Dance everyday: This I did as well, minus a few sick days. I put the number of minutes I danced on my daily graphing-my-life/training chart, which shows that I danced an average of 54.41 minutes a day. My dancing really improved. I went to two Balboa camps, two Lindy Hop camps (“camps” are weekend-long dance marathons with classes all day and dances all night), one Lindy exchange (like a camp without the classes), took tap dancing classes all year, took a series class for Soul Motion, taught by Grace Llewellyn, and worked for hours at home on Balboa, Charleston, Melbourne Shuffle, clown walk, and just boogying.

Meditate every day: I think I might have missed once or twice. I kept track but lost my excitement for number crunching after analyzing my dance time. It looks like I averaged between 15 and 20 minutes. Meditation is not nearly as enjoyable as dancing for me but I’m glad to have sat every day. The benefits seem to come from regular practice.

Make a fourth Abandon Ship record: This I did not do. Abandon Ship is the band I have with two of my brothers, Damian and Gabriel. I did write arrangements for a couple of Damian’s new (and really good) songs and I wrote a bridge for another. I also spent a couple weeks in Joshua Tree this summer, writing and recording three more songs with him. It’s an ongoing project.

Continue to master being kind to myself: This is a project I started two years ago, with the help of my friend, Taber. It’s definitely worth a blog entry of its own, but simply put, I realized that there was a way that I am habitually not on my own side, and I began to practice continually realigning myself toward compassion and kindness for myself. It’s a major shift in my tectonic plates, as Taber says. This project is going really well.
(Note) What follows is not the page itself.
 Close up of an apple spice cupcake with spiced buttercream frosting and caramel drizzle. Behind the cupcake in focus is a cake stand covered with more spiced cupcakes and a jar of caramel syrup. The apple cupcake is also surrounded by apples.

Walk slowly: This has been great. This has been my favorite. I noticed that I walk as if I’m in a hurry, even if there’s no reason to hurry. I’d like to think I was emulating my fast-walking Grandpa Bob, but I think I just kept myself so busy for so long that I forgot about strolling. Walking slowly is wonderful. I love it.

Have a flexible back and hips: I did downward dog and plow poses plus a few other physical therapy exercises most nights between my birthday and the end of June. I improved my back and hip flexibility noticeably, though not as much as I’d hoped. I also stopped wearing a backpack after more than 15 years of schlepping, which I think helped. I started getting comments from friends that my posture had improved. Then I traveled all summer, basically camping in somewhat hectic circumstances: helping friends move and working at Not Back to School Camp, mostly. Traveling makes a nice, relaxing evening stretching routine a challenge. Anyway, I still have some of the flexibility I gained but I can’t say that I have a flexible back or hips right now. I’m not even sure that I could have said that in June, actually.

Overall I think I did well this year, both in setting good goals and in following through. I like the simplicity of the list. It’s got a nice compact aesthetic. I’m both inspired and daunted by my list for this coming year but it’s not as nice to look at.